__EXERCISE OBJECTIVE__. Output the listing below verbatim, but drop the images.

__DATASET CONTENT__.
■ ■ ■ ■ ■

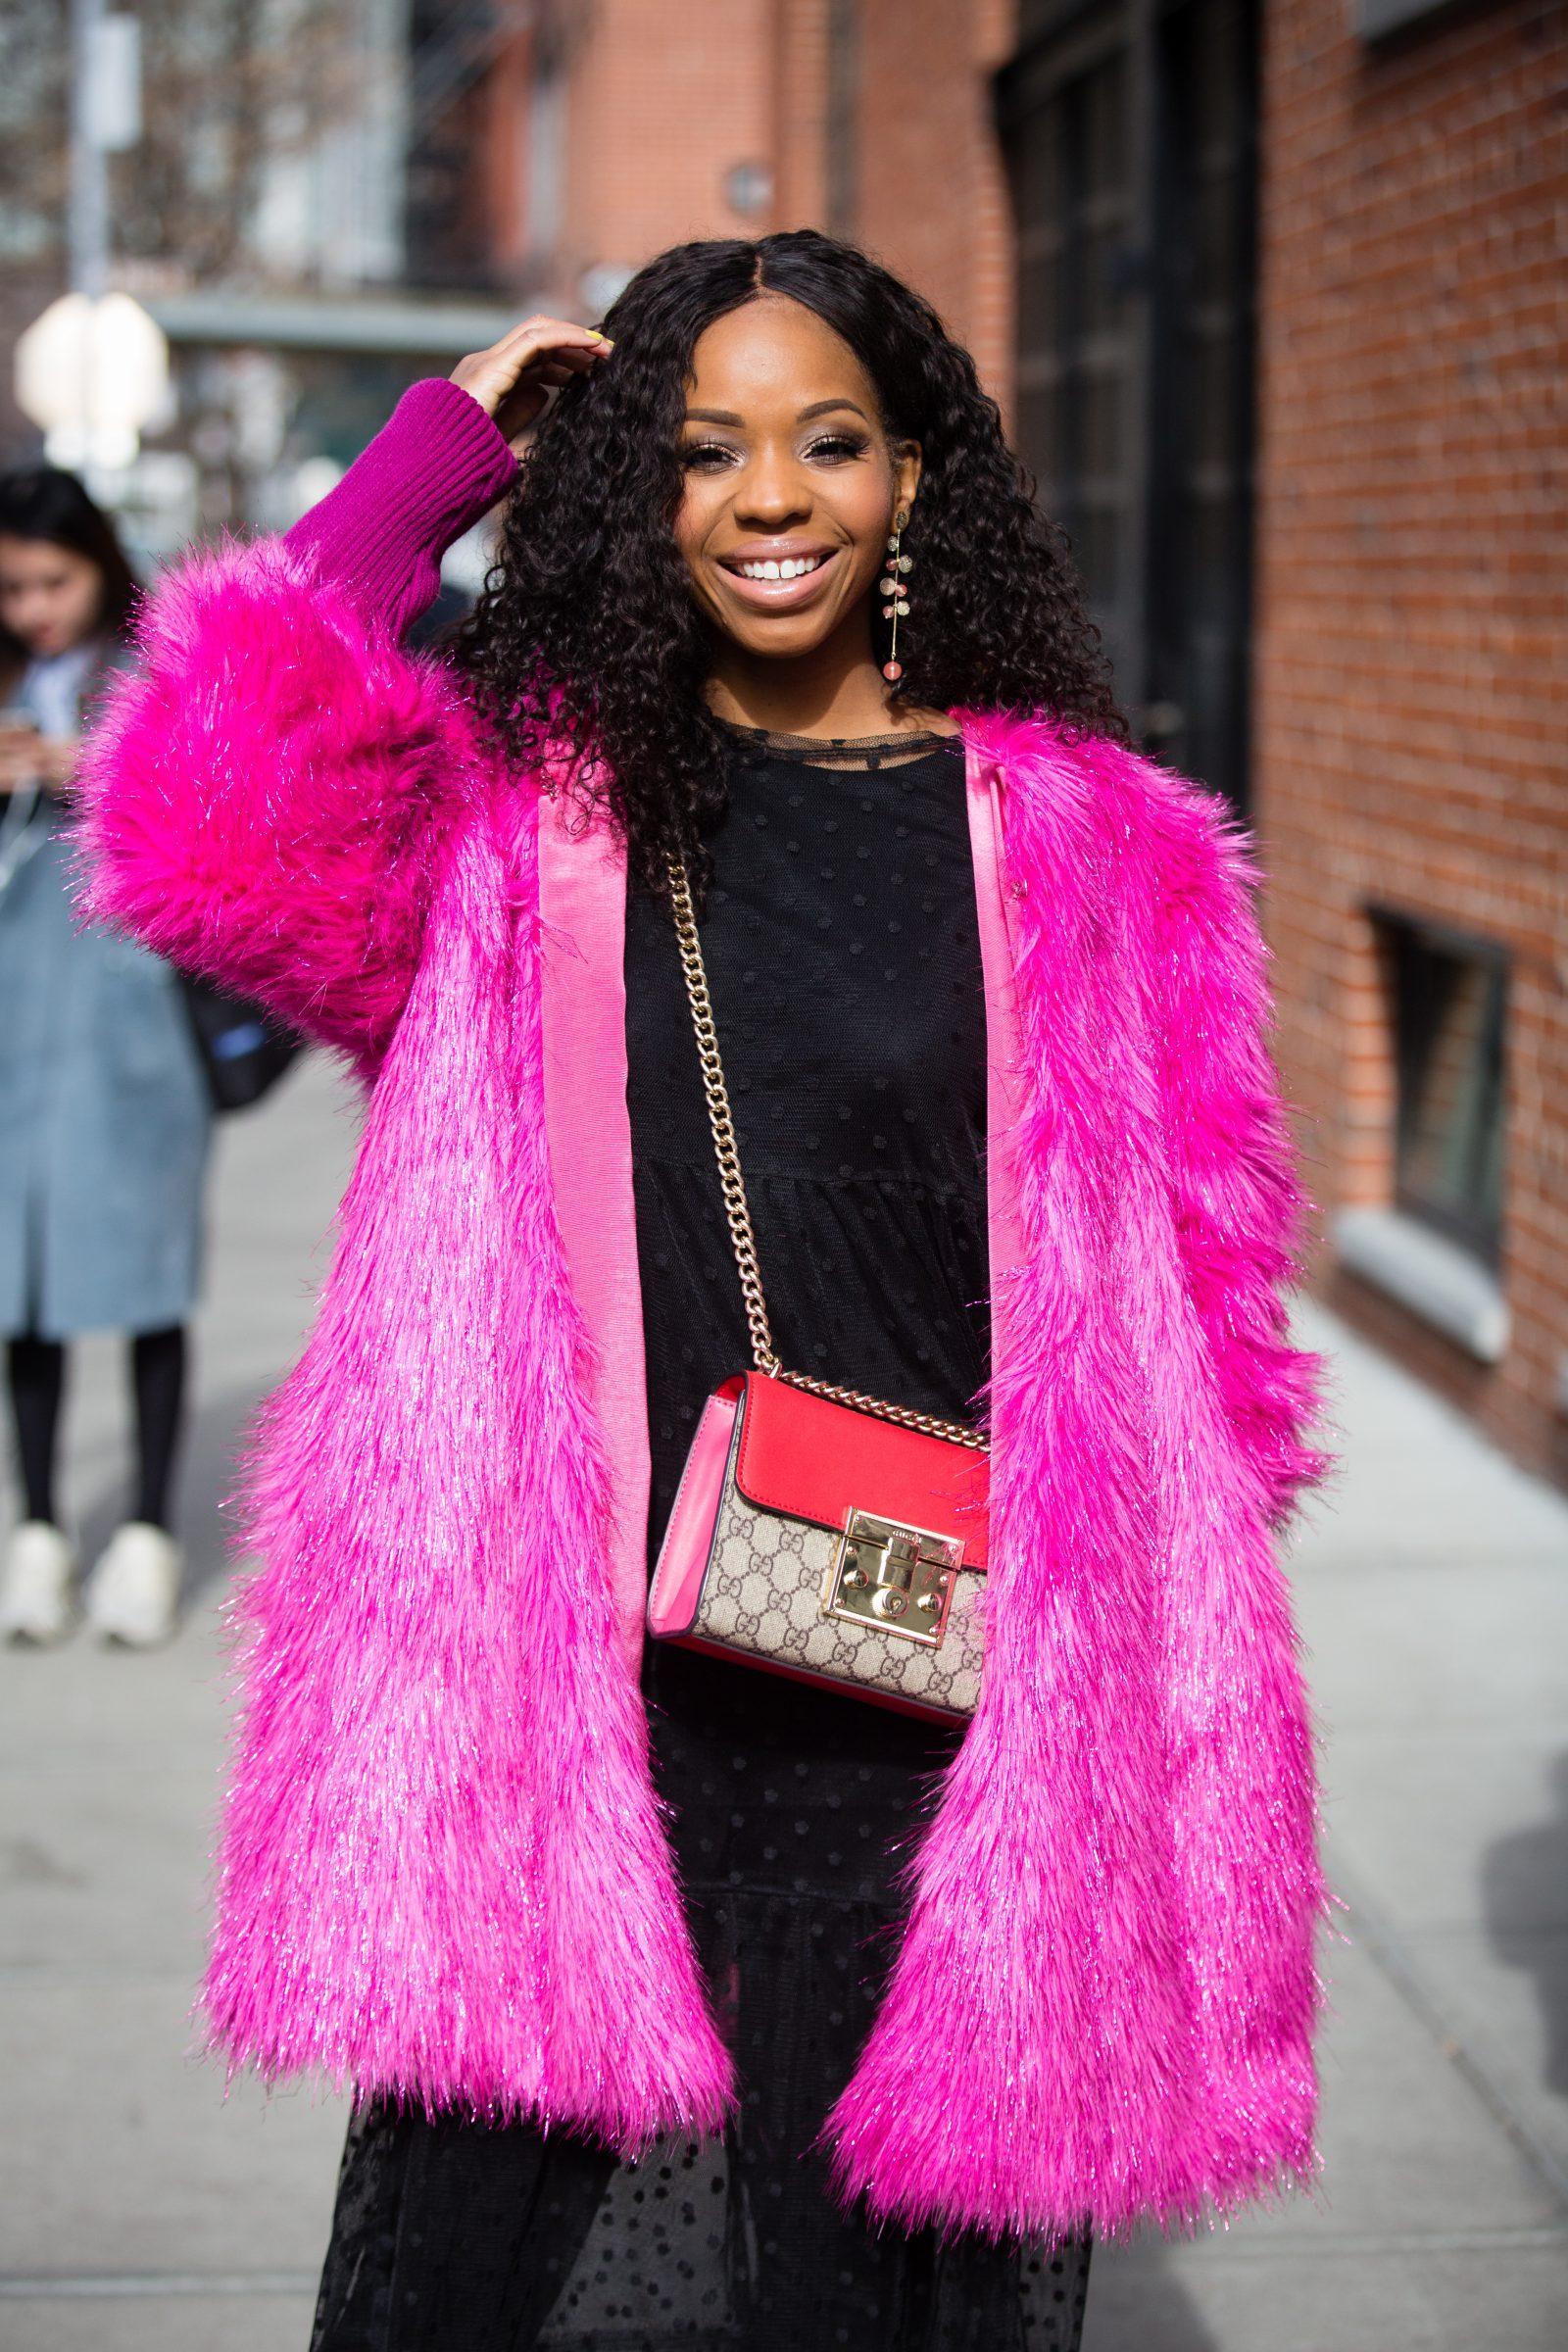 3971847fbc1dc2 Colorful street style at New York Fashion Week – The Buffalo News
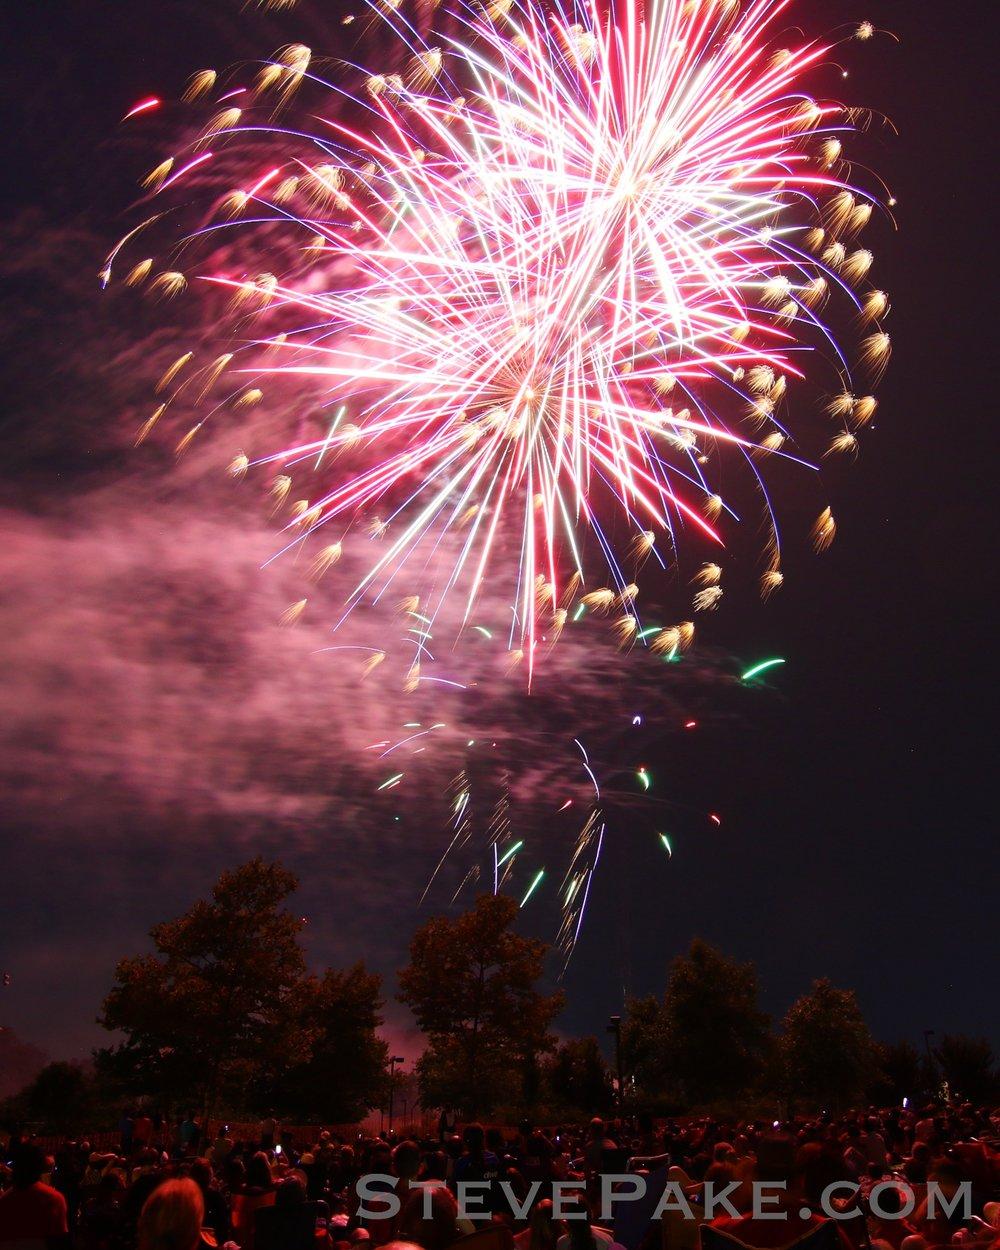 Fireworks2018_60_GE3A8611ap-HD-WM.jpg
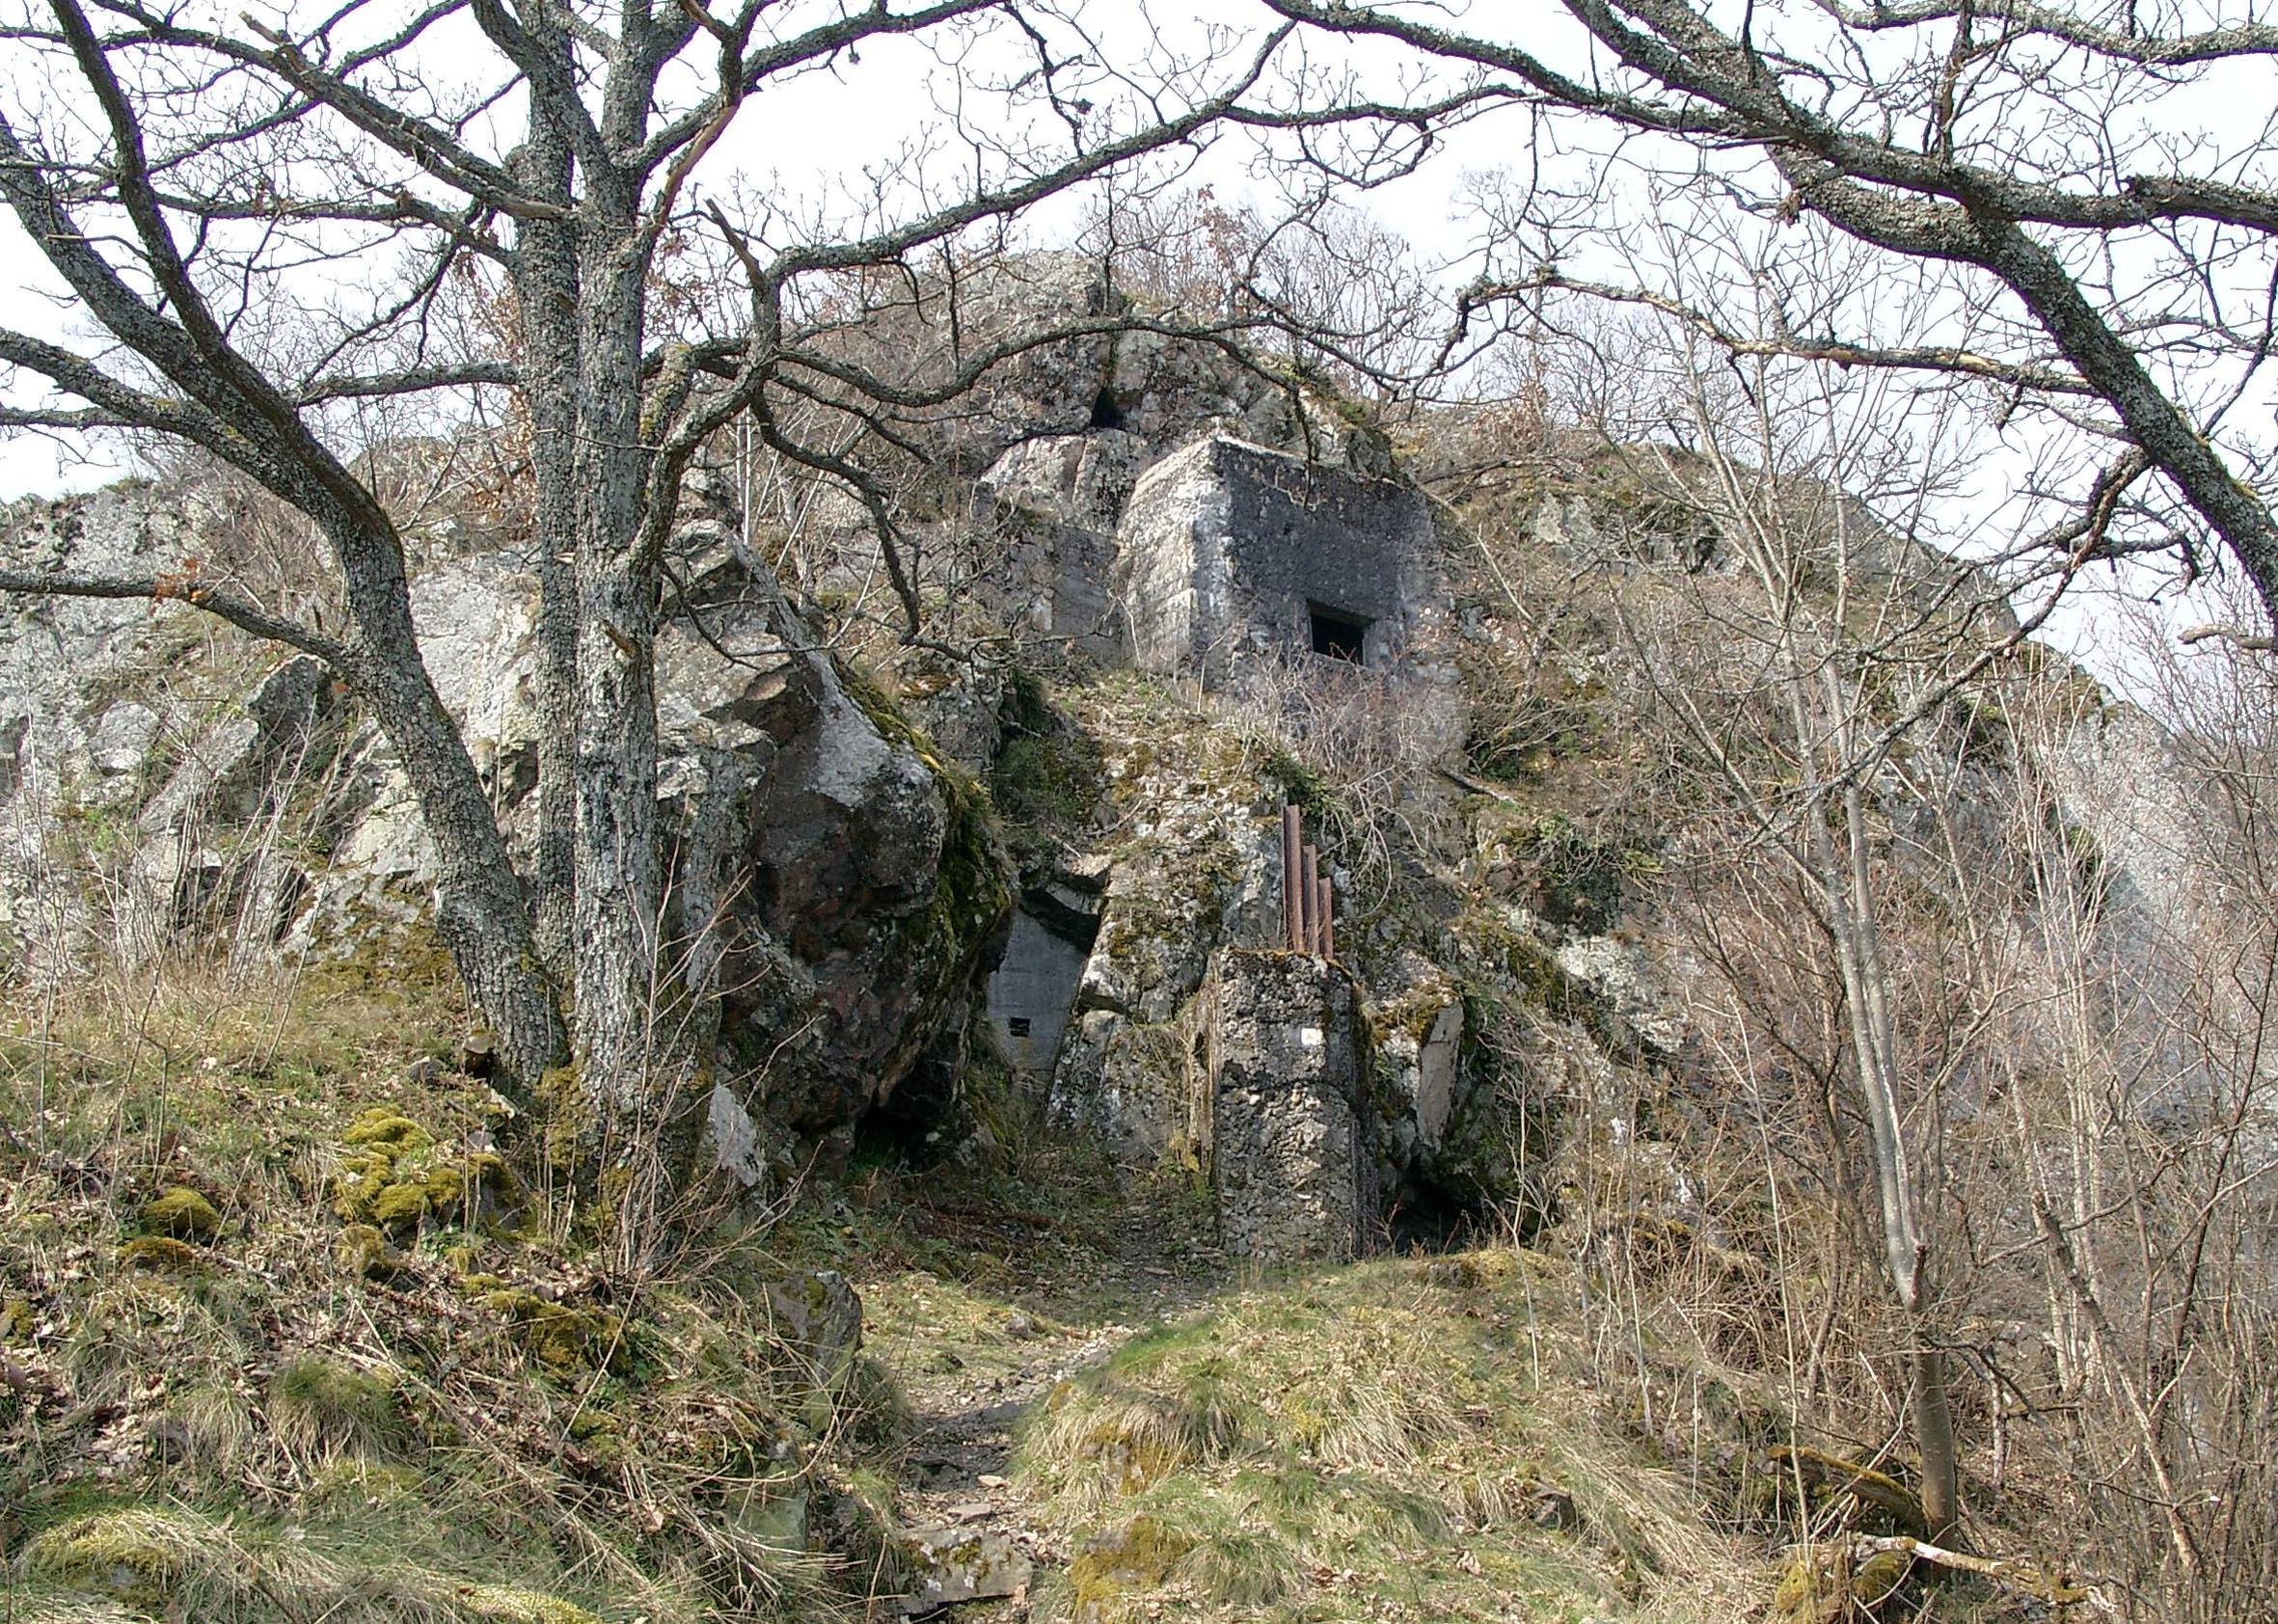 Deutsche Befestigungen am unteren Rehfelsen am Hartmannsweilerkopf

■ ■ ■ ■ ■

__RESPONSE BELOW__.
 3971847fbc1dc2 Colorful street style at New York Fashion Week – The Buffalo News
 Fireworks2018_60_GE3A8611ap-HD-WM.jpg
 Deutsche Befestigungen am unteren Rehfelsen am Hartmannsweilerkopf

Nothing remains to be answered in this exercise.